Almost Sure posted an interesting fact on X:
If a point (x, y, z) is chosen at random uniformly on the unit sphere, then x, y, and z each have the uniform distribution on [−1, 1] and zero correlations (but not independent!) This follows from Archimedes’ “On the Sphere and Cylinder” published in 225BC.
Archimedes effectively showed that projecting a sphere to a cylinder wrapping round its equator preserves area, so projection of (x,y,z) is uniform on the cylinder. Used in Lambert cylindrical equal area projection.

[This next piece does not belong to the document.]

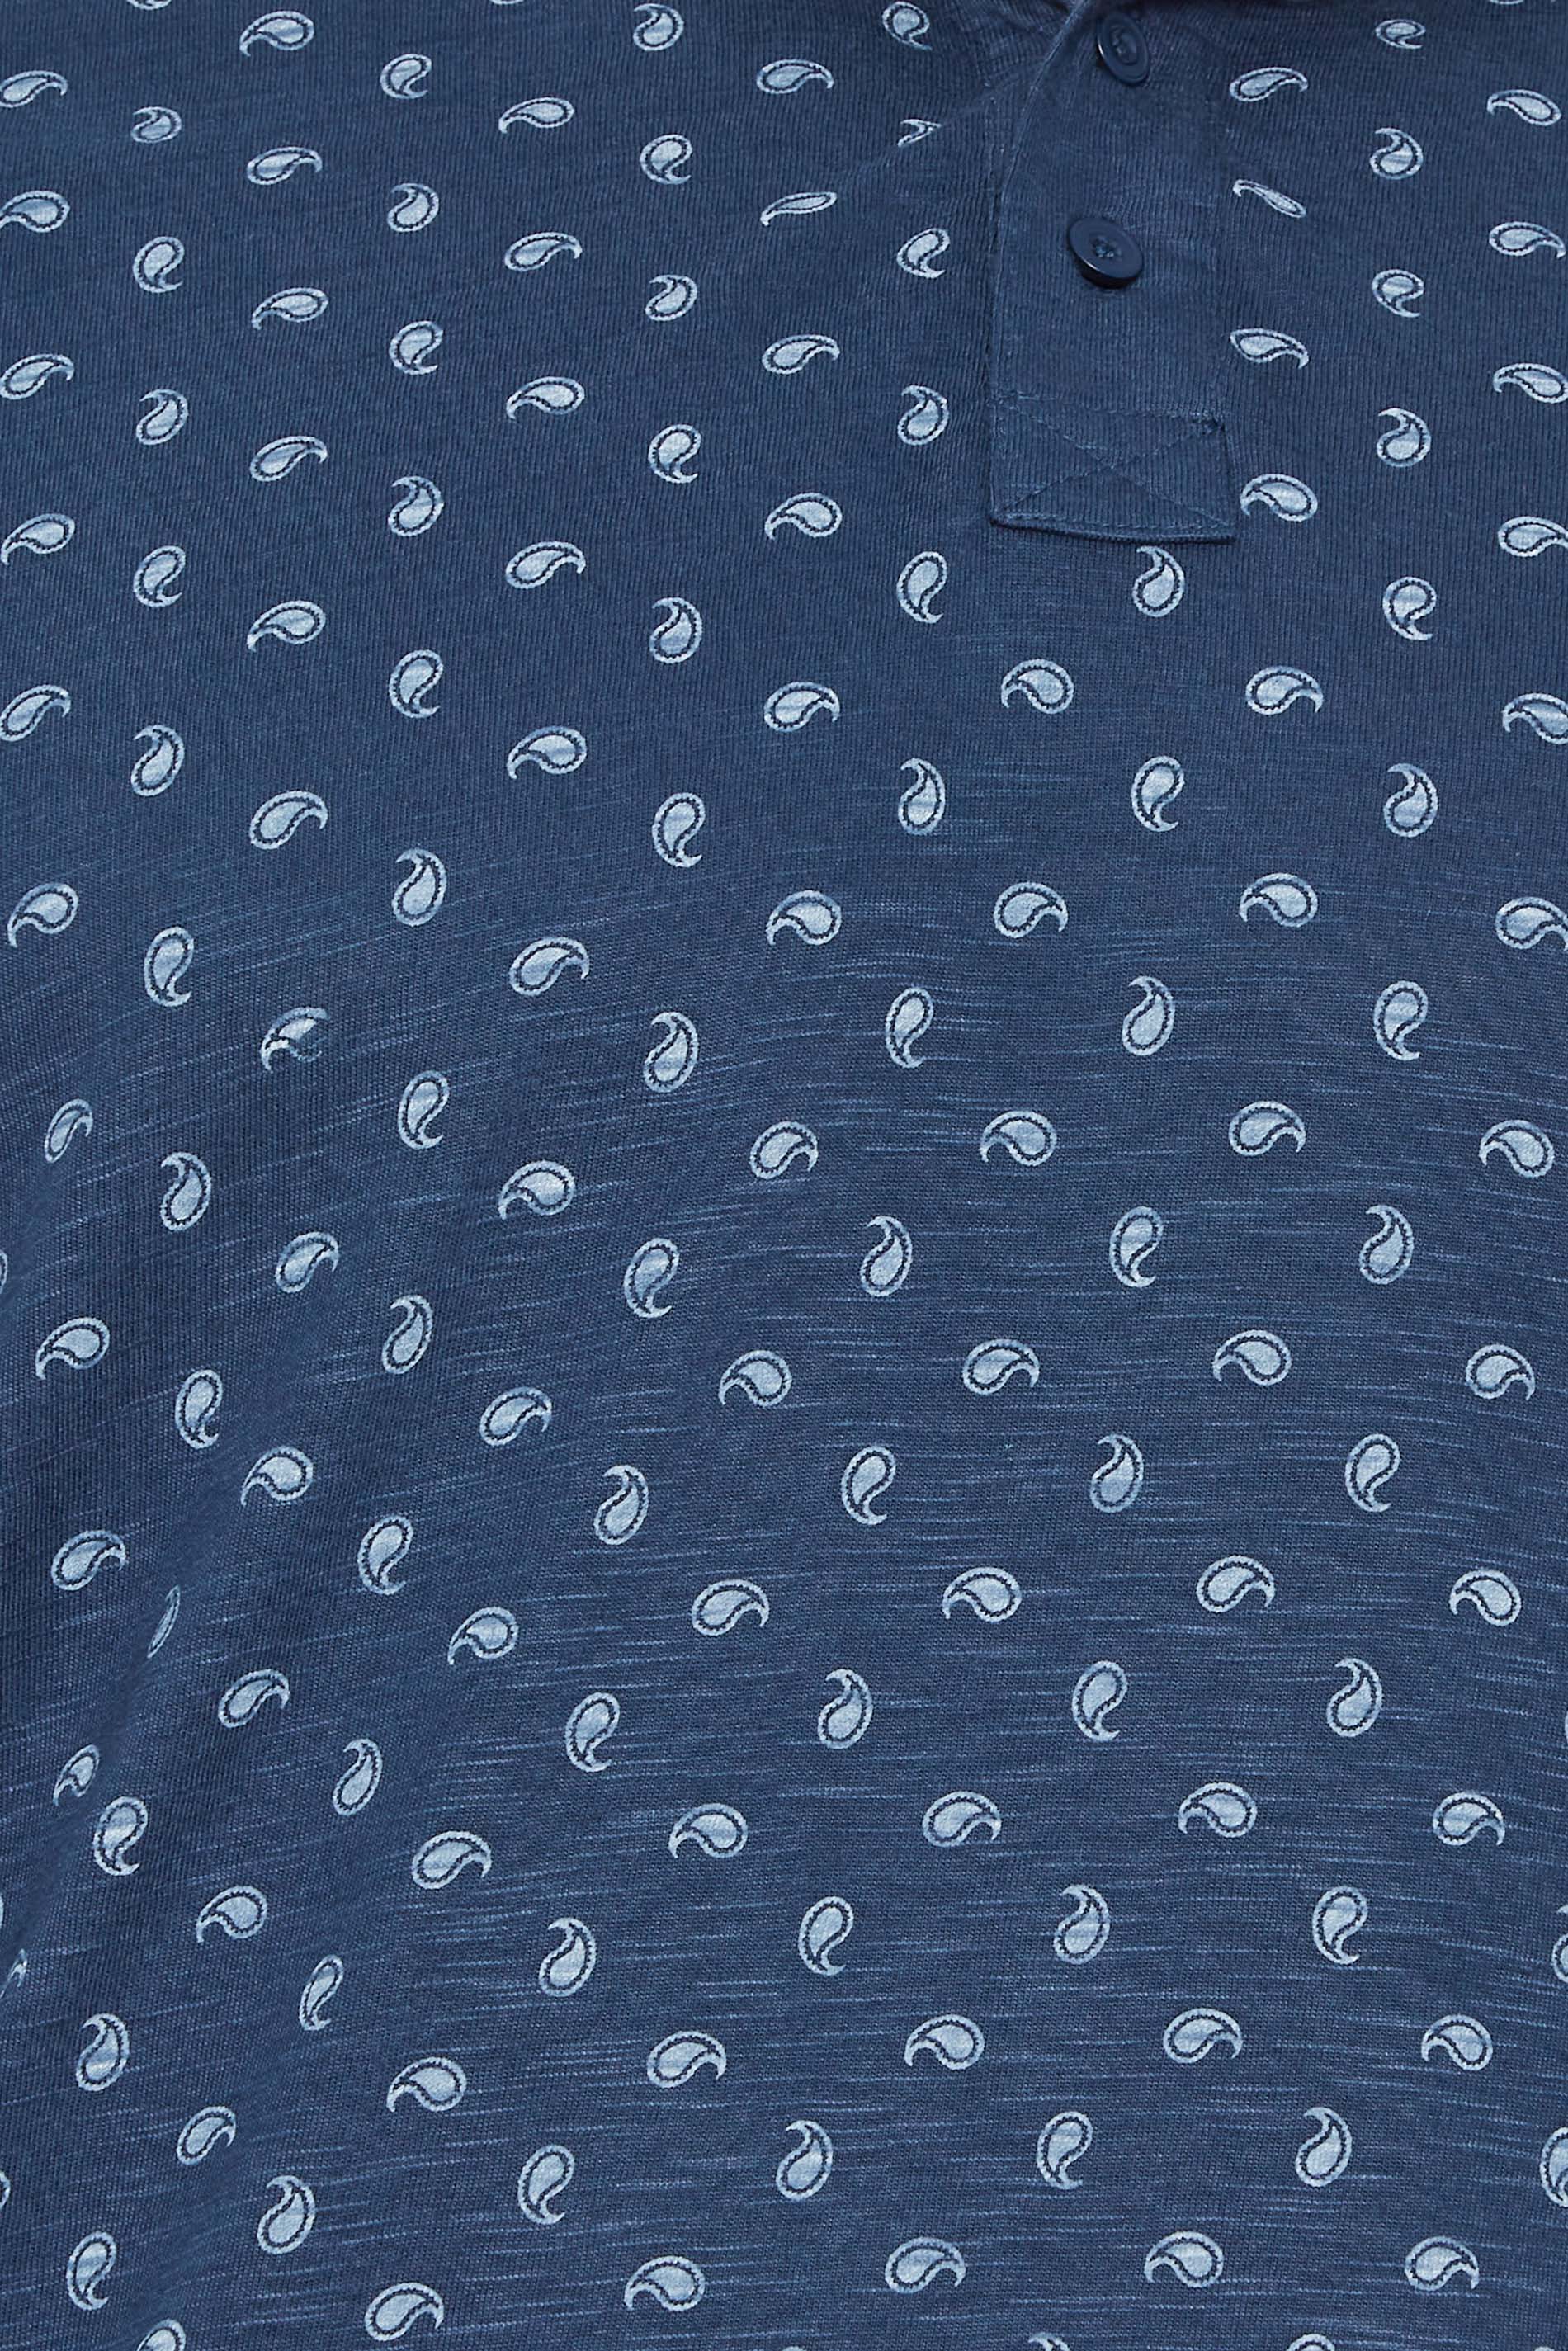 BadRhino Big & Tall Navy Blue Shell Print Polo Shirt | BadRhino 3

In this post I want to empirically demonstrate the distribution of the coordinates, their lack of linear correlation, and their dependence.
The usual way to generate random points on a sphere is to generate three samples from a standard normal distribution and normalize by dividing by the Euclidean norm of the three points. So to generate a list of N points on a sphere, I generate an N × 3 matrix of normal samples and divide each row by its norm.
import numpy as np N = 10000 # Generate N points on a sphere M = norm.rvs(size=(N, 3)) M /= np.linalg.norm(M, axis=1)[:, np.newaxis]
Next, I find the correlation of each column with the others.
x = M[:, 0] y = M[:, 1] z = M[:, 2] cxy, _ = pearsonr(x, y) cyz, _ = pearsonr(y, z) cxz, _ = pearsonr(x, z) print(cxy, cyz, cxz)
When I ran this I got correlations of -0.0023, 0.0047, and -0.0177. For reasons explained in the previous post, I’d expect values in the interval [−0.02, 0.02] if the columns were independent, so the correlations are consistent with that hypothesis.
To demonstrate that each column is uniformly distributed on [−1, 1] you could look at histograms.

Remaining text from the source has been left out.